Tata Steel (3.88%), Eternal (2.18%), Tech Mahindra (2.02%), M&M (1.56%), Maruti Suzuki (1.5%), Infosys (1.5%) and IndusInd Bank (1.45%) were the top gainers on Sensex.
BSE mid cap and small cap indices climbed 520 points and 802 points, respectively.
Some analysts are mildly bullish on the market outlook with some hinting an indication of consolidation in the near term.
Ajit Mishra – SVP, Research, Religare Broking said, "Traders should maintain a stock-specific approach and use this consolidation phase to accumulate fundamentally strong names. Alongside key sectors, themes such as defence, railways, and PSU banking are also offering trading opportunities. However, it's important to maintain a balanced view and avoid excessive exposure."
Rupak De, Senior Technical Analyst at LKP Securities said, "The Nifty traded within a narrow range today, following two days of high volatile moves. The short-term trend remains positive, as the index continues to remain above critical moving average. After a sharp rally, this sideways movement appears to be a healthy consolidation, suggesting the market is catching its breath before the next move. As long as the index stays above the crucial support level of 24,400, the bulls are likely to maintain their grip. In the near term, the index might move towards the 24,850–25,000 range. However, a drop below 24,400 could delay this upward trajectory and lead to further consolidation."
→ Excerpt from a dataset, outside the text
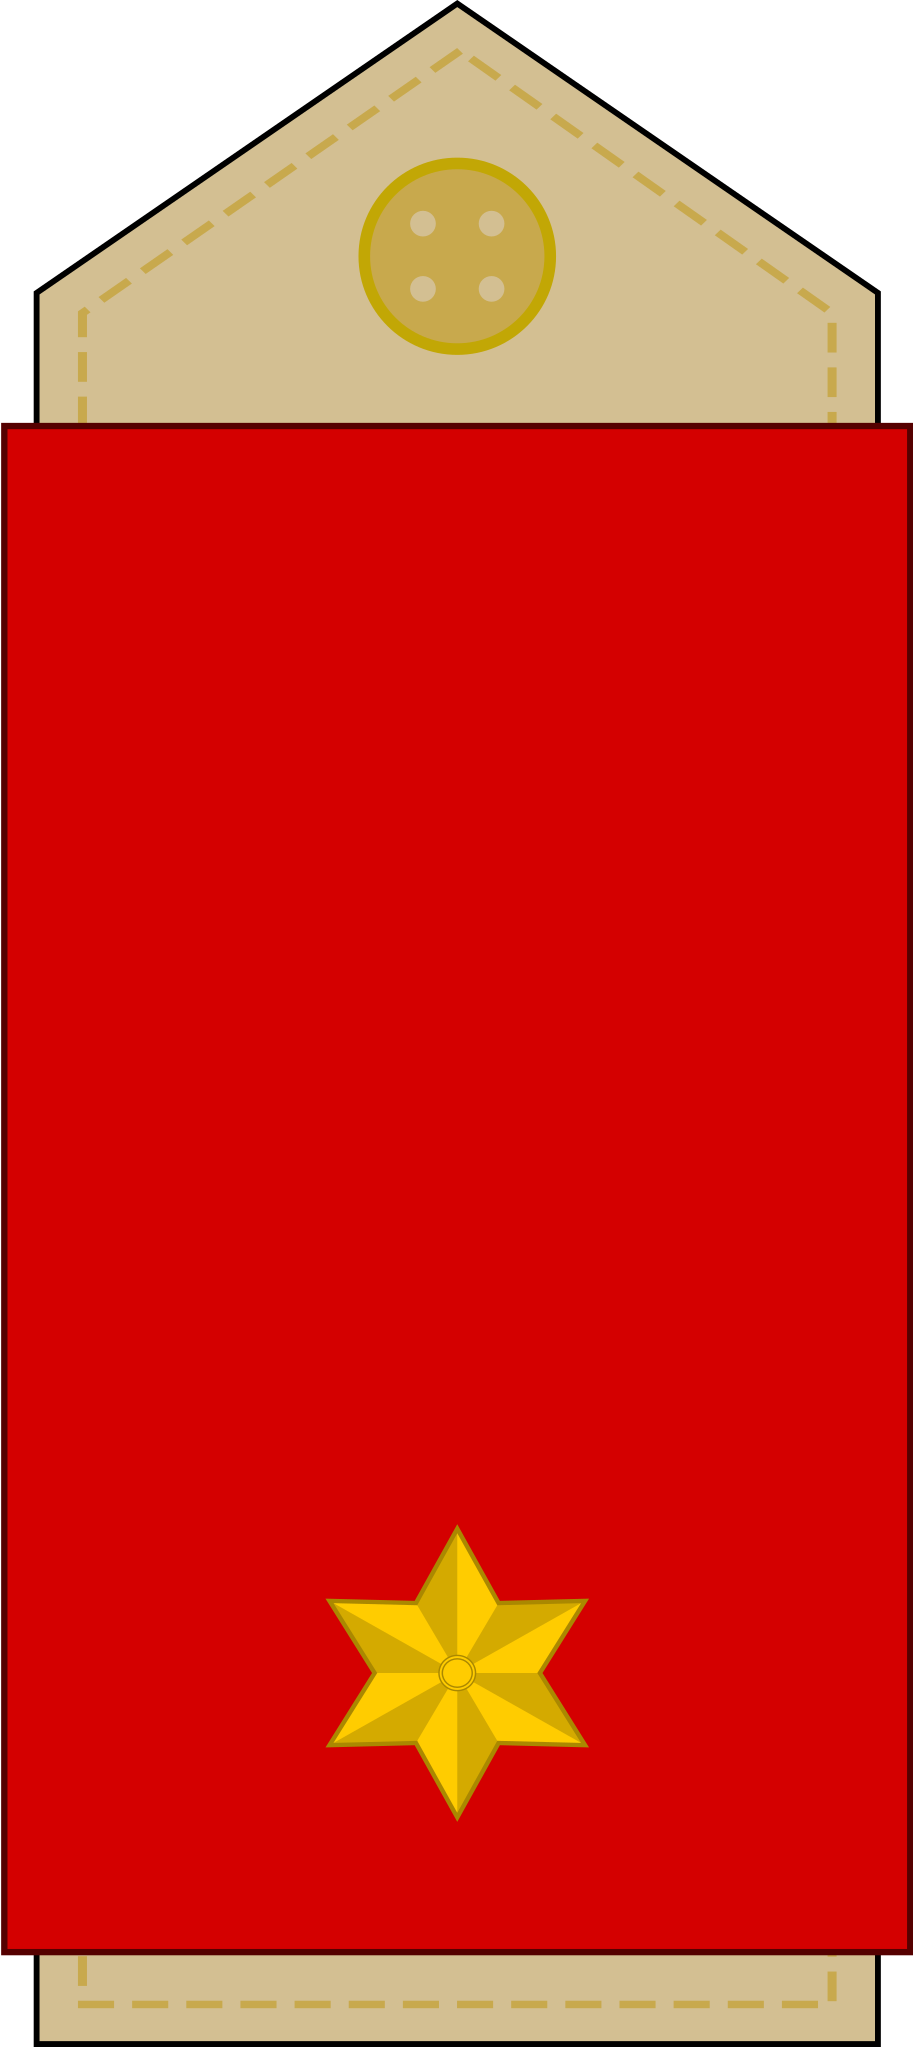 Red envelope - Wikipedia

Nandish Shah, Senior Derivative & Technical Research Analyst, HDFC Securities said, "During the session, Nifty breached the previous day’s low of 24,547 but managed to hold its level above 5 days SMA, currently placed near 24,500. Bullish trend is well intact for Nifty as it has been holding its level above all key moving averages. On the downside, strong supports for Nifty are placed at 24,500 and 24,378, while on the upsides 24,850 and 24,975 could offer resistance."
Previous session
The 30-share BSE Sensex plunged 1,282 points or 1.55 per cent to close at Rs 81,148 and the broader NSE Nifty index lost 346 points or 1.39 per cent to settle at 24,578.